PROBLEM DETAILS: Without the pictures, give the listing below again exactly.

GIVEN DATA:
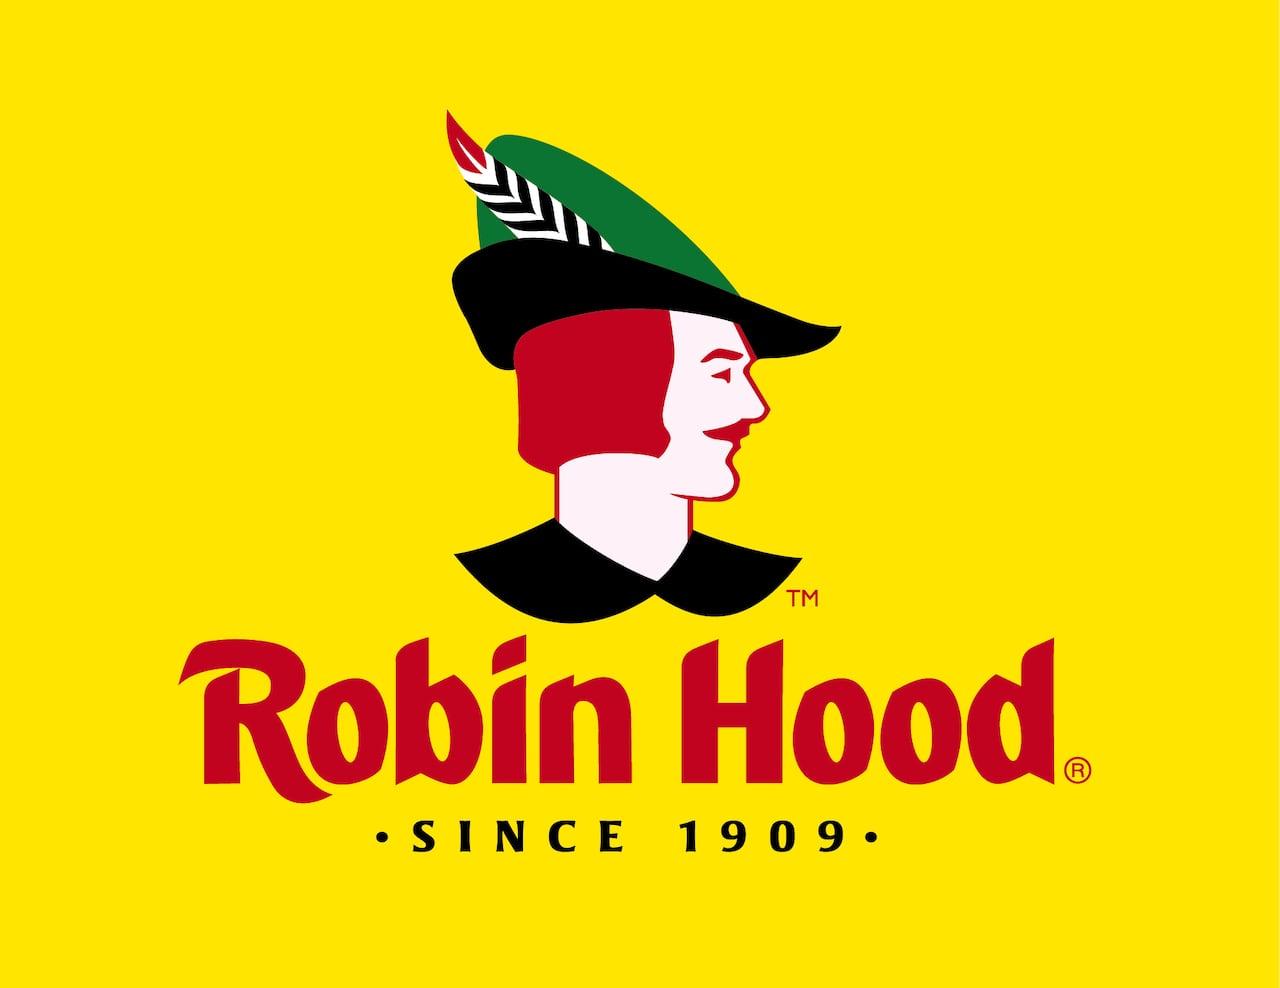 Robin Hood Baking Family
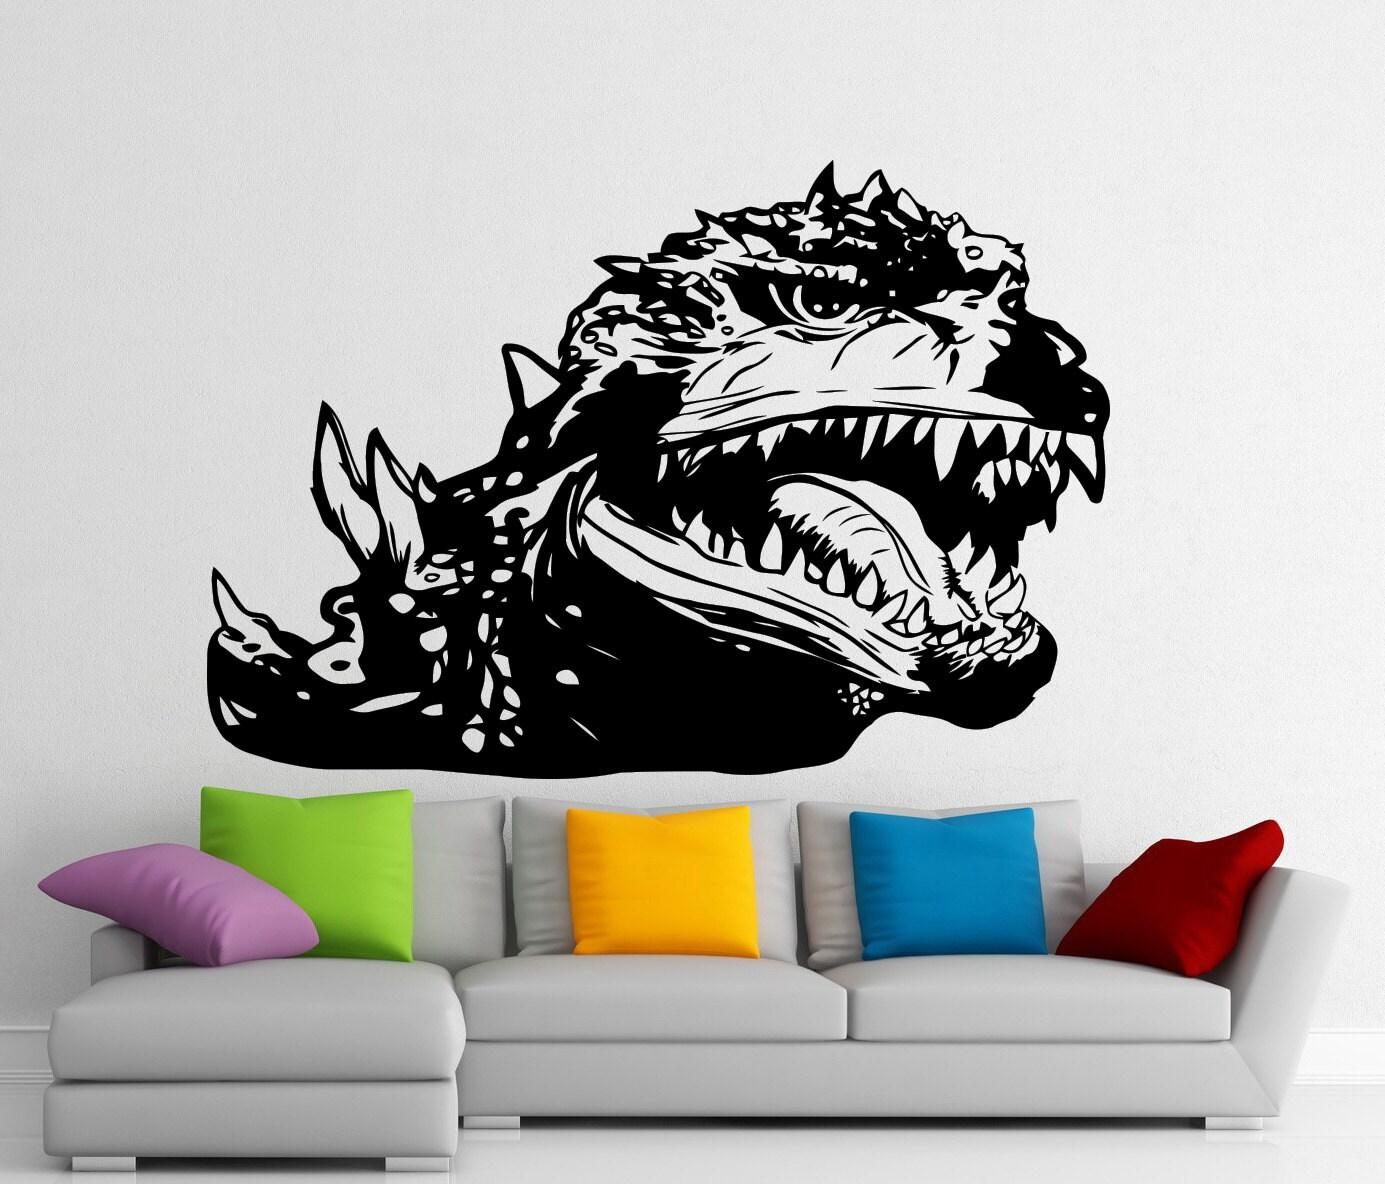 godzilla sticker monster wall vinyl decal home kids room zoom
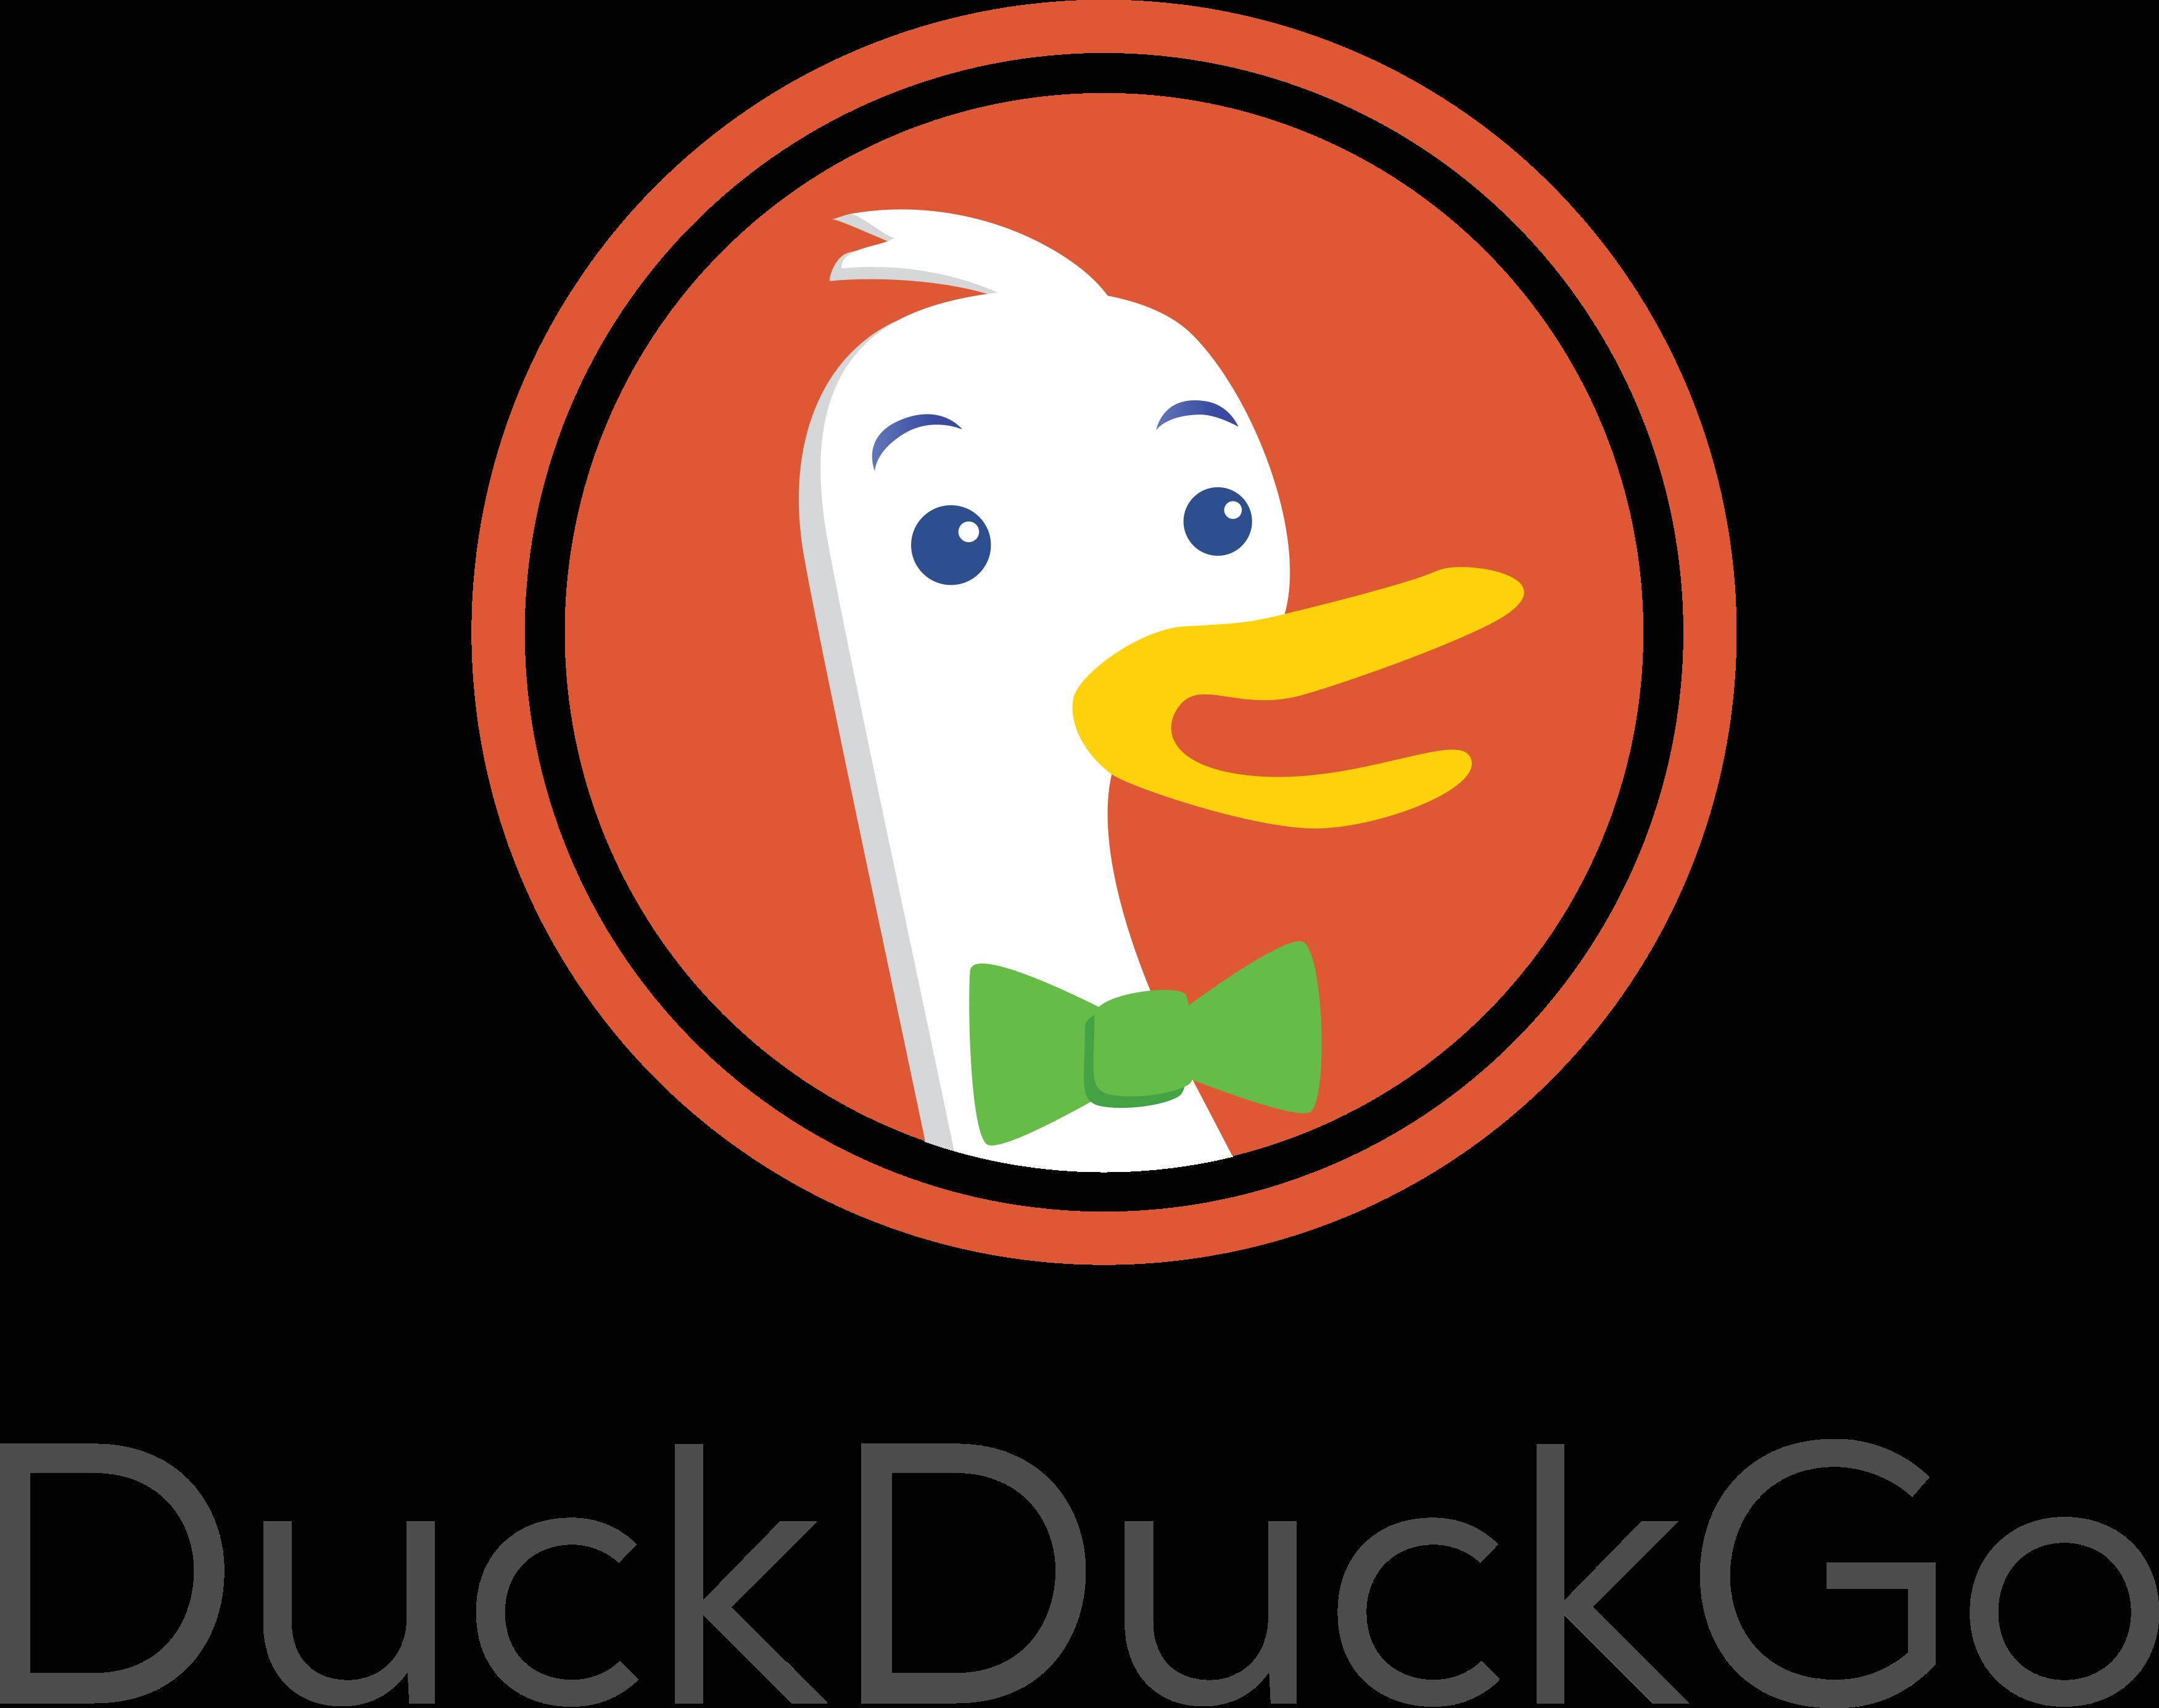 DuckDuck Go logo.

REPLY:
 Robin Hood Baking Family
 godzilla sticker monster wall vinyl decal home kids room zoom
 DuckDuck Go logo.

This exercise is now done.